Priority was given to tests that have demonstrated ability to assess specific domains. In addition, an attempt was made to identify tests that could reliably assess a specific cognitive process (or a set of processes) within a domain, and it was also deemed necessary to balance the types of tests used within and across domains at specific ages.


Preference was given to tests for which the effects of age (in months at the younger ages) and gender have been defined/quantified. It was critical to include tests with a wide age range since longitudinal studies may follow individuals from birth to age 20. Effects of parental education and intelligence were also considered, if available.


Available data on the relationships between culture and language and test performance were also considered. Are there ethnicity/cultural effects on test performance, and if so, what are they? Are there special versions of the tests for children from specific subcultures? How “culture-fair” is the test? Also considered were effects of primary languages and multilingualism on test performance, including availability of the tests in languages other than English. Information was not available on these variables for many of the tests, but tests with such information received special consideration.


Sensitivity to subtle effects of exposures requires tests that possess certain psychometric characteristics. These include a sufficient range of outcome scores and variance to reliably identify exposure-outcome relationships. They must also be reliable (especially with regard to test-retest reliability), that is, result in similar scores in the same person when measured at repeated time points with no change in exposure. It is also important that they have demonstrated validity with regard to the construct they are measuring as demonstrated by their relation to other known tests (see above).
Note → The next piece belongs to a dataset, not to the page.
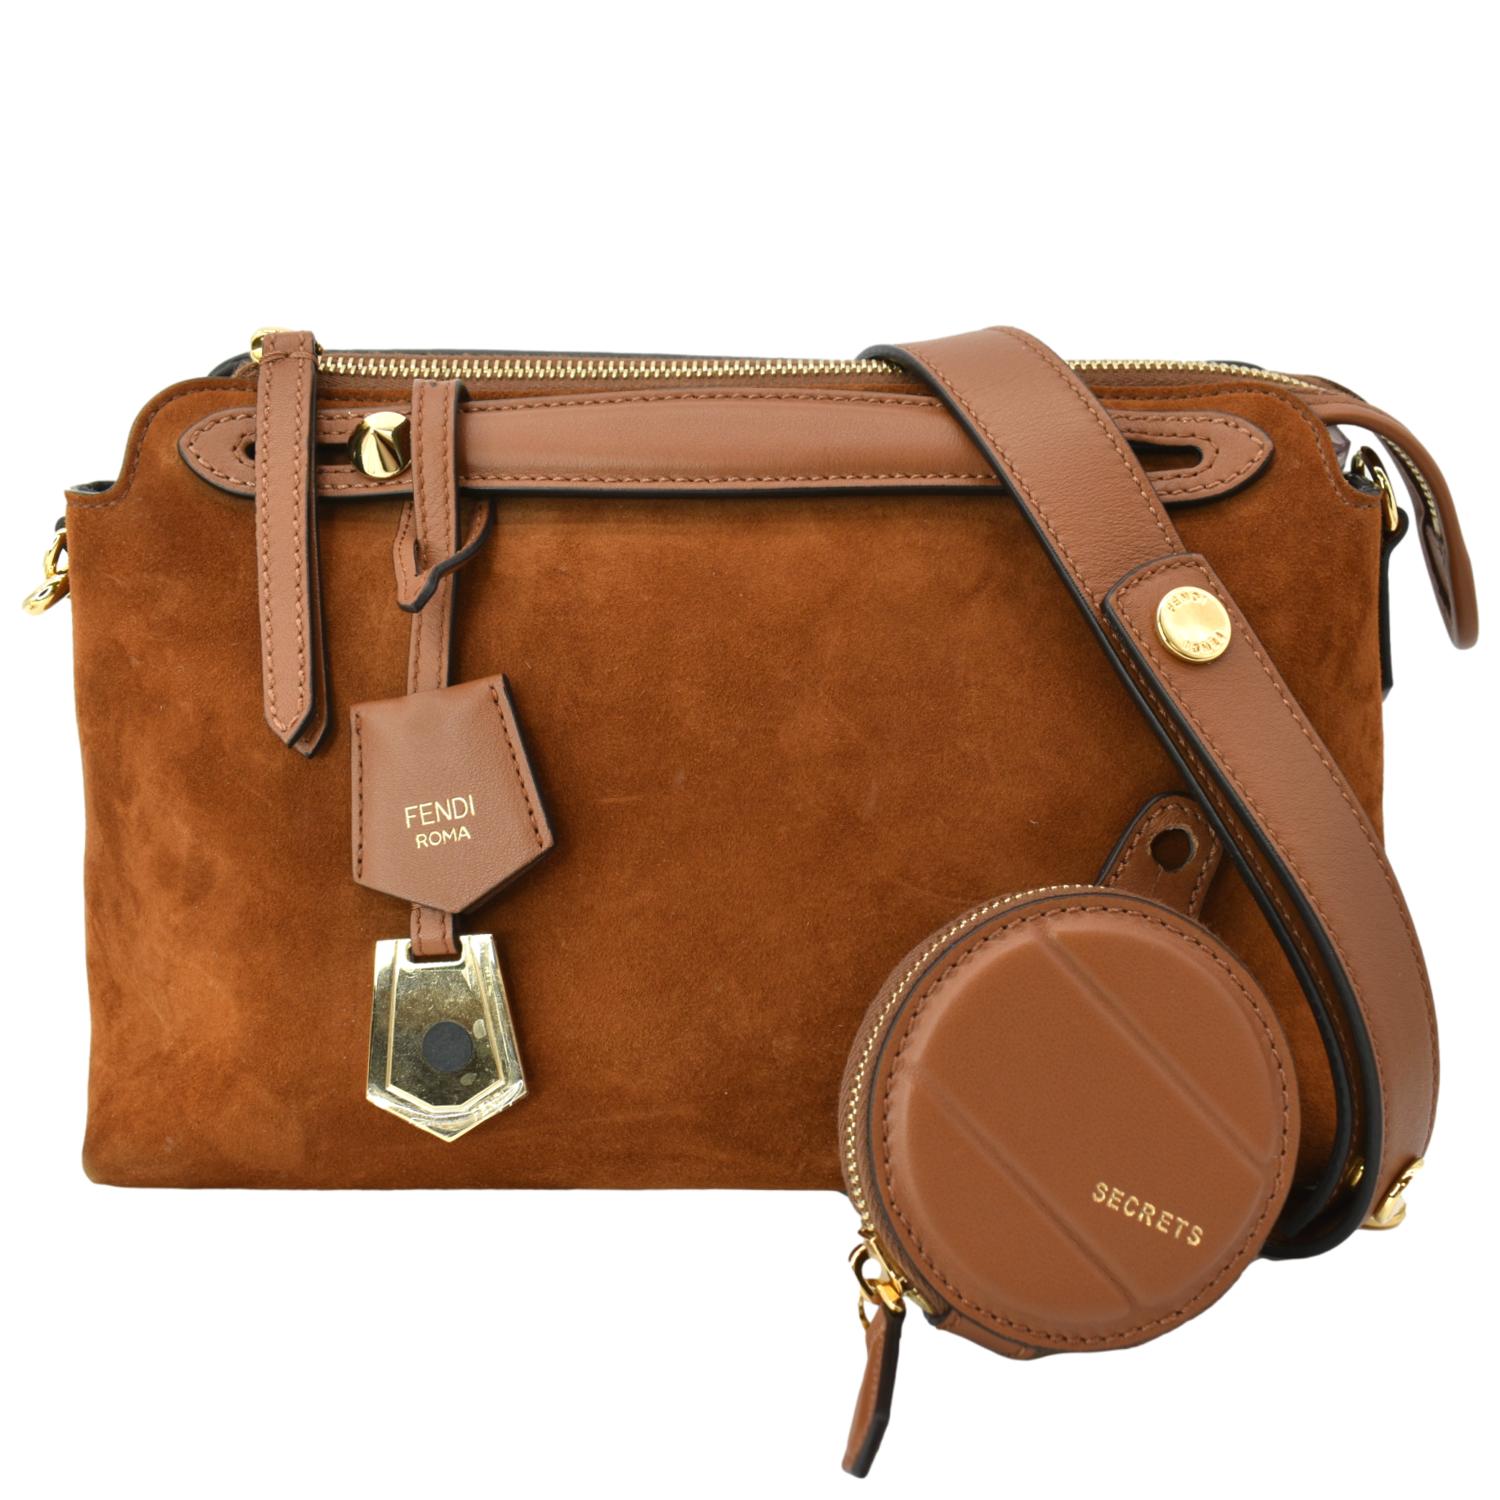 By The Way Medium - Brown leather Boston bag

Priority was also given to tests that are well standardised. Availability of appropriate normative values for test performance at different ages and for other variables was considered to be important for certain purposes (eg, characterising cohort performance relative to the US population). However, for data analysis purposes, raw scores are usually the outcome of choice in epidemiological studies.

Other factors

Other test characteristics that were considered important include ease of administration, acceptability to children, acceptability to parents, reasonable difficulty levels without extreme frustration for most children, efficiency and capacity of the test to contribute to screening/triaging. Participant burden is a major issue and even outstanding measures were discarded if it they are too time-consuming to allow inclusion of other required measures. Finally, it must be stated that RFW’s experience using the tests in research and clinical settings played a role in the test review. Batteries were limited in administration time to 1–2.5 h, depending on age.
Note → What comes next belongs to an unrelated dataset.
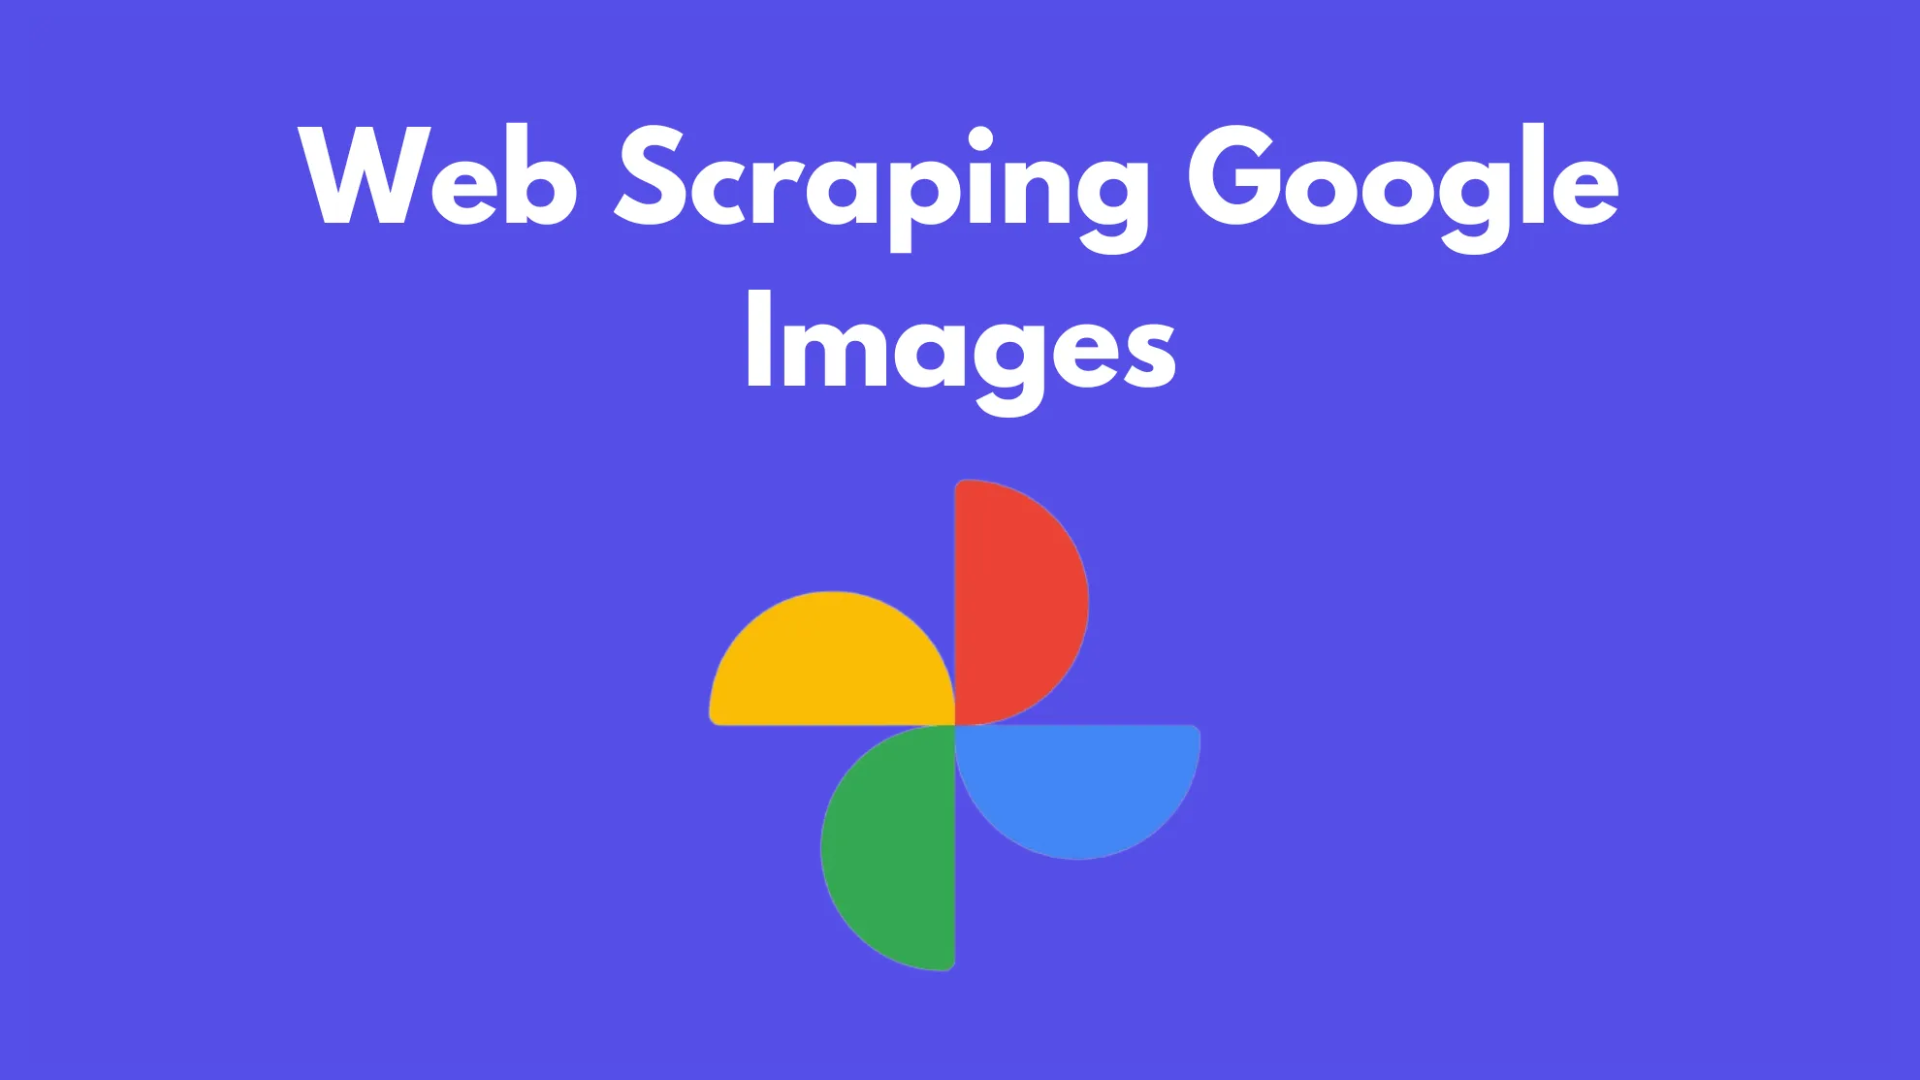 How to Scrape Google Images With Python

Battery design and testing strategy for prospective developmental assessments

The literature on exposure-outcome relationships is incomplete with regard to data on age at exposure and age at which exposure effects can be detected. For example, the neurotoxicology literature suggests that lead exposure in early childhood is associated with IQ changes5 and that prenatal methylmercury exposure is associated with domain-specific neuropsychological effects at the age of 7 years.6 However, systematic studies across ages of exposure, ages at which outcomes are measured and specific toxicants do not yet exist. It is therefore difficult to pinpoint critical ages at which specific types of neuropsychological outcomes should be measured.

Given the existing knowledge, it appears that the optimal strategy is to acquire outcome data at as many ages as possible. Because practice effects are large and can overwhelm subtle exposure effects, it is not recommended that each child be tested every year. A strategy that would allow the collection of data in yearly age increments but prevent practice effects is to divide a large cohort into groups of children. Testing each child every 4 years beginning at age 3–6 would result in neuropsychological outcome data on a large group of children at each age. Before age 3, it is recommended that the four groups of children be tested at 6 months, 1 year, 1.5 years or 2 years. This strategy is outlined in table 1, which gives an age × domain × test representation of a recommended battery. Each of the four subgroups of children is designated by the letters A, B, C and D. This strategy also allows repeat testing with certain key tasks at widely divergent ages, facilitating longitudinal follow-up on exposure-outcome relationships.

Table 1 Recommended test matrix for a cohort of 100 000 children with 25% in each of four age exposure groups (A, B, C, D)

The testing strategy necessarily initiates testing of different domains at different ages. For example, executive function testing is not introduced until age 7. Testing of learning and memory is limited before age 7. These recommendations reflect the developmental curve of domain-specific skills as well as the availability of tests appropriate for certain ages. These factors are discussed in greater detail below.

The testing strategy allows for the introduction of different tests that assess the specific domains at different ages. Using this strategy, domain-specific findings observed on one test can be evaluated somewhat later with a similar test from the same domain, allowing a chance to evaluate convergent validity. It is also possible to examine more than one specific aspect of cognitive processing within each domain. In designing the battery, attempts have been made to evaluate parallel aspects of cognitive processing during each age range and within each domain.

Consideration was given to using the neuropsychological outcome measures as “triggers” prompting complete diagnostic evaluations in children who may have specific types of developmental disorders. Thus, the recommended battery incorporates the ages and criteria for using outcome measures to triage children into screening for mental retardation, disorders of attention and learning, motor coordination deficits, autism and neurological disorders.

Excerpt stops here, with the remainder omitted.